The Great Honda Eulogy Part 2: The Seat Belt

BY JORDAN DUROSE
Los Alamos

A couple weeks ago my wonderful Honda became crashed. She is no longer with us. So I did what any sensible person would do in this situation – write a small novella and send a chapter off to the local paper every week like it’s the 1800s again.

There is a lot of fascinating engineering that goes into cars that nobody ever thinks about. Materials science comes into play in the blend of plasticizers used to increase the lifespan of the polypropylene plastic used on all modern car interiors. Electrical engineering is used to reduce the amount of wires that carry signals throughout the car with multiplexing (although that didn’t show up until the 1998 model year Accord). Mechanical engineering determines the steel hardness, location, and torque of all bolts in the chassis in order to not fail even when a particularly careless owner loads the spacious trunk with 1,300lbs of gravel and sand for a 200 foot french drain install. It takes a lot of brainpower to create the masterpiece that is a 1996 Honda Accord – not to mention accidentally engineering it to get to 351 thousand miles until it dies through no fault of its own.

Every piece of a car has a quiet history and quite interesting design given the constant pressure from accountants to cut the price as low as possible.
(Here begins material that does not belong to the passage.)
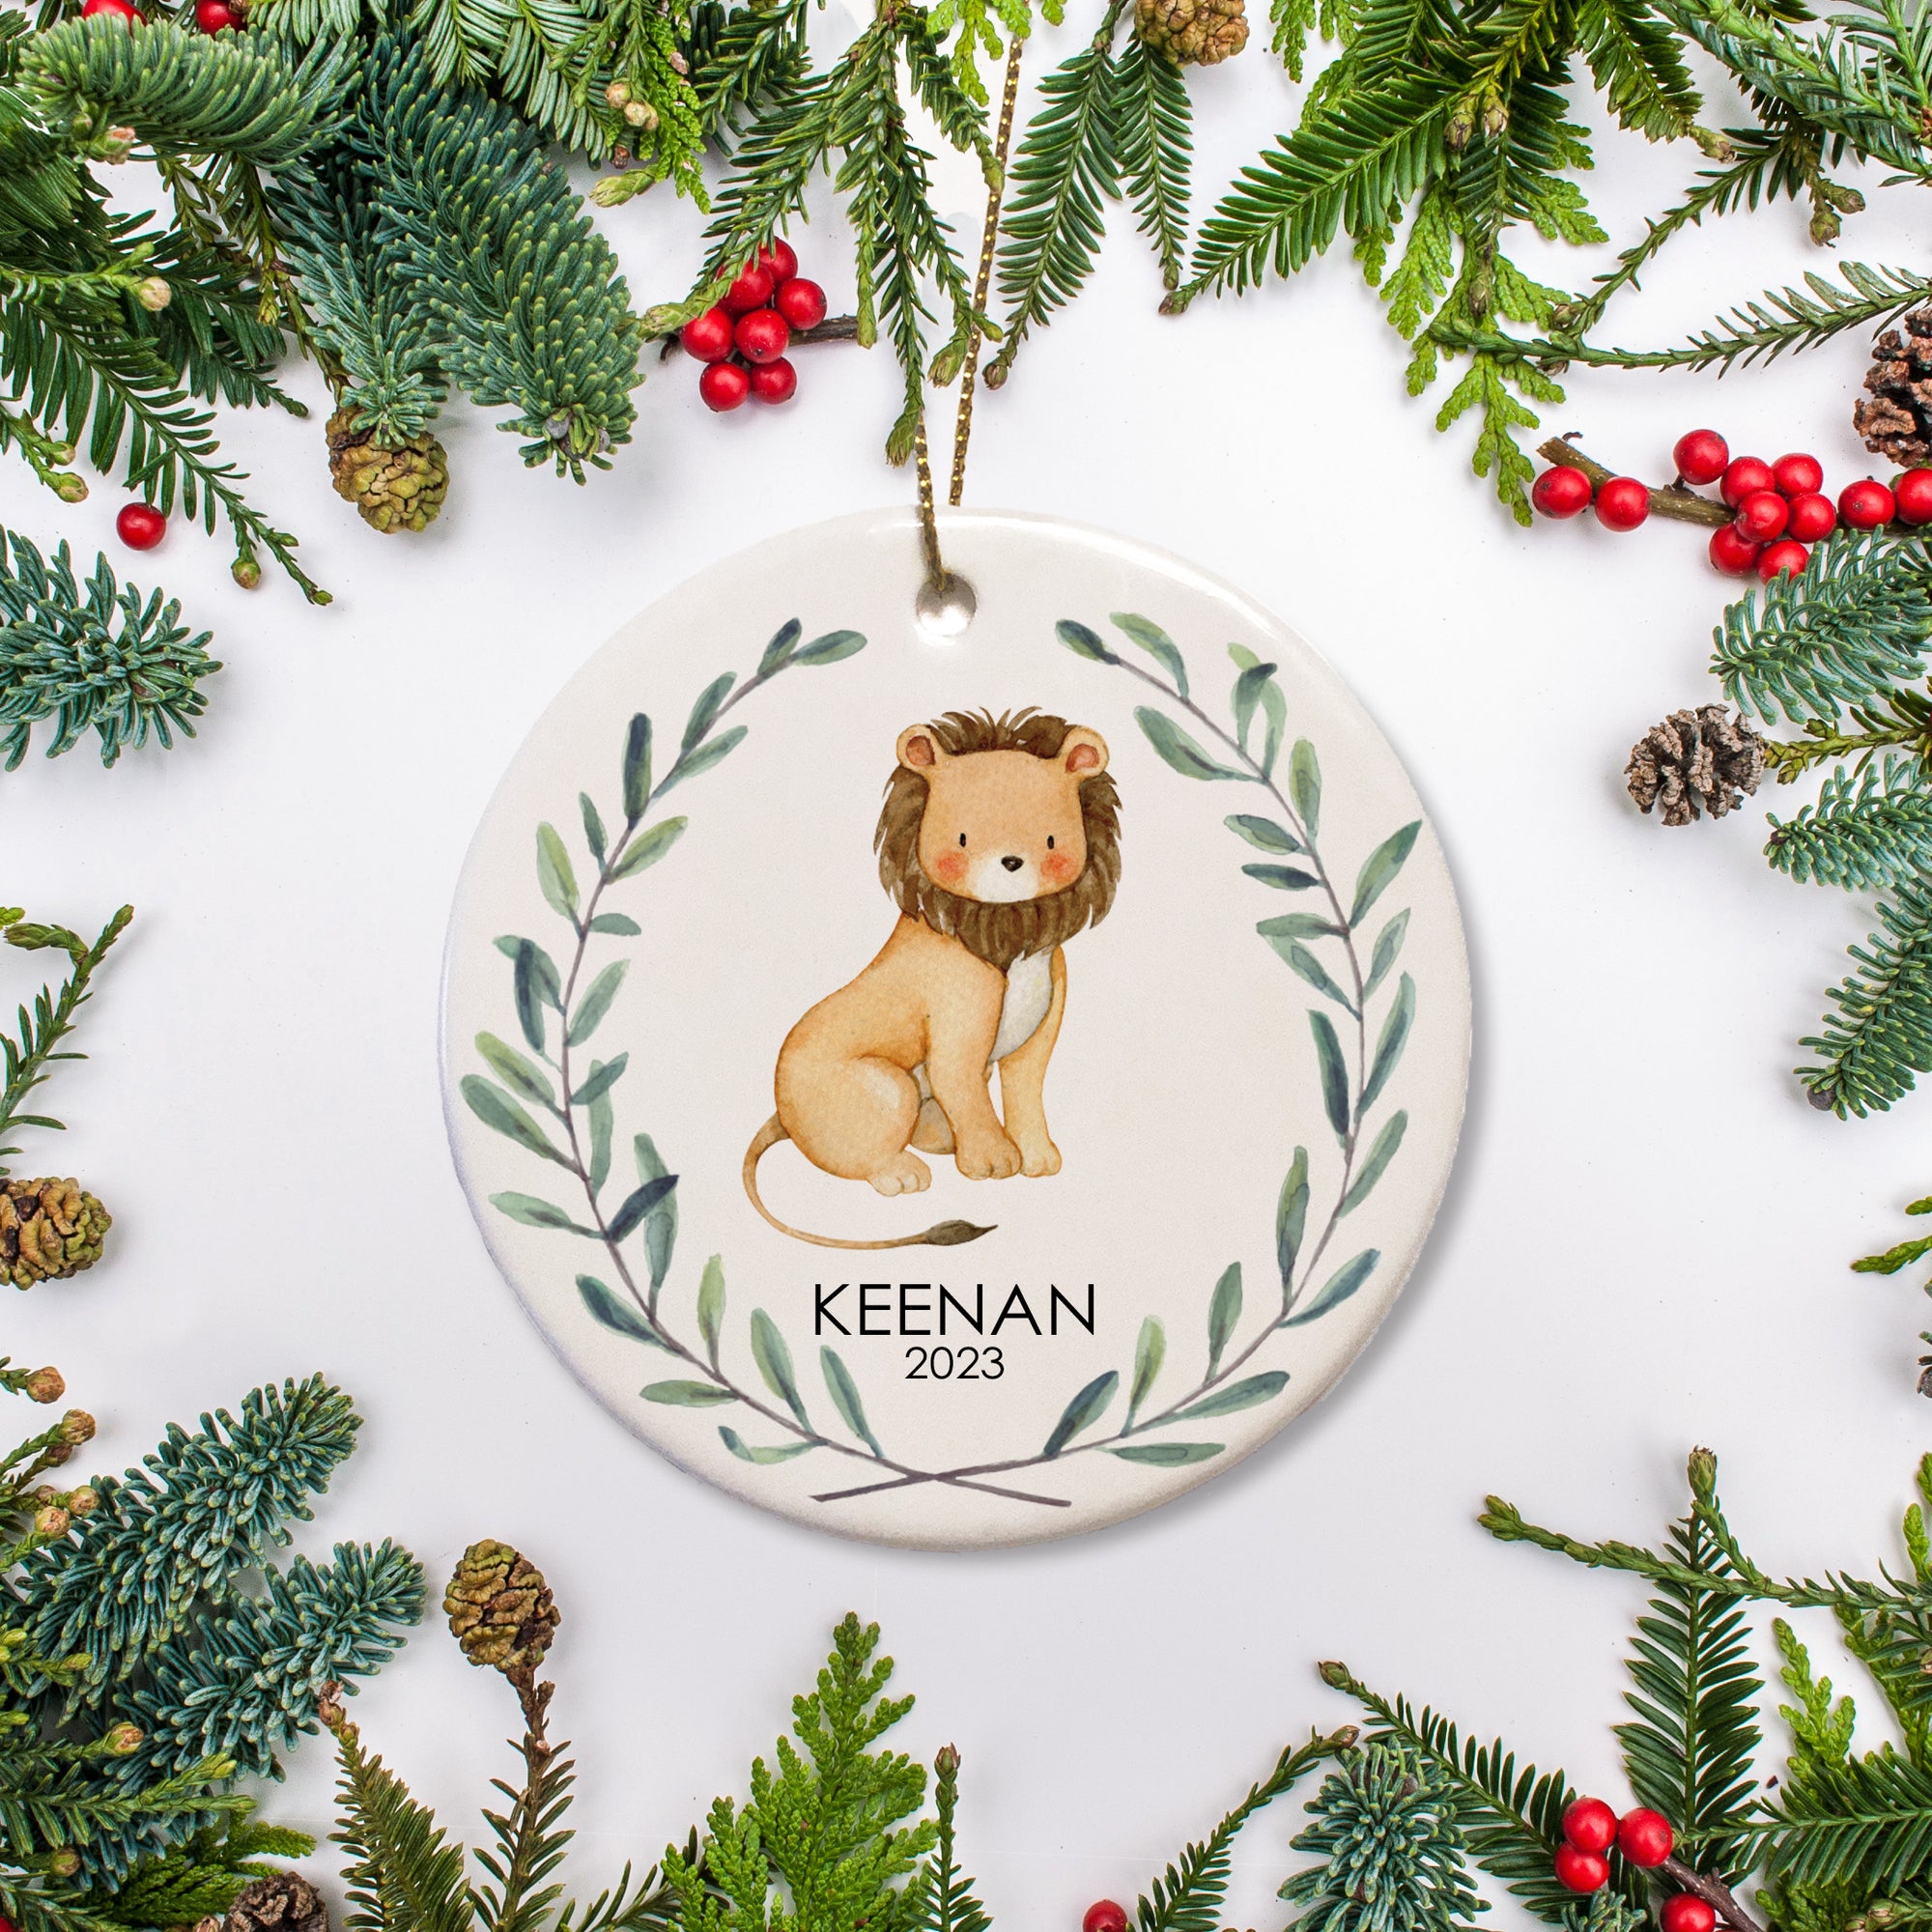 This personalized jungle ornament features a watercolor lion, along with the name and year of your choice. It is a lovely gift for a child or way to commemorate baby's first Christmas. You can even add a special message on the back!

One of those pieces I’d like to talk about is the seat belt retractor. You’ve used it every time you get in your car and grumbled at it every time you try to adjust your seat belt while coming to a stop only to find that it locked in place. When the retractor locked for me, it prevented me from slamming my head into the window and getting a concussion.

Early seat belts in the 1940s were of the type you found on airplanes – dangly hip belts – and it was all the rage to smash your head into the steering wheel in the event of an accident. The first patent for a locking retractable seat belt was in 1955, when a system was proposed where the sudden yanking of a seat belt squished a pneumatic bulb that pressurized a locking cam that prevented further extension. It never got off the ground, presumably because the rubber pneumatic bulb couldn’t stand up to the extreme forces found in an accident.

The next attempt at a locking mechanism was in 1956, wherein you had to take the entire length of coiled belt, pass it over you, and buckle it into an anchor near the door. Then, in the event of an accident, a cam would press against the belt, locking it into place. Presumably it also failed because nobody wants to handle 2 pounds of belt every time they get into their car.

In 1963, electricity was discovered and a new style of locking mechanism was invented which used a solenoid to push a lever directly against the belt, locking it into place until current to the solenoid was cut. This was not an ideal design, as during an accident you can’t assume electricity will be there to provide a safety feature that we nowadays see as rudimentary.

1973 saw the first modern self-locking seat belt retractor, one that both used a purely mechanical acceleration sensor to detect sudden changes in travel and offloaded the stopping force onto a ratchet mechanism instead of pressing a cam directly onto the belt. This is important because the webbing of a seat belt is designed for tensile strength, not compressive – instead of having a cam press directly onto a belt and weakening it, the offloading of a severe tension shock onto a ratchet wheel allows the belt take the brunt of that tension. There have been few substantial improvements to this design, so it represents the basis of all seat belt retractors in use today.

The next time you get frustrated at your seat belt because you want to adjust it while coming to a stop and it locks up on you, think about all the engineering that went into that dumb, overlooked feature. A simple spool of belt that’s designed to work for more than twenty years with no maintenance, able to lock up at a moment’s notice with no electricity, and can withstand several times your body weight to prevent you from slamming into your steering wheel like everyone was doing in the 40s.

My Accord’s driver side seat belt retractor saved me from a rather annoying trip to the ER, and it did so thanks to over half a century of overlooked engineering – found on even the most milquetoast of vehicles.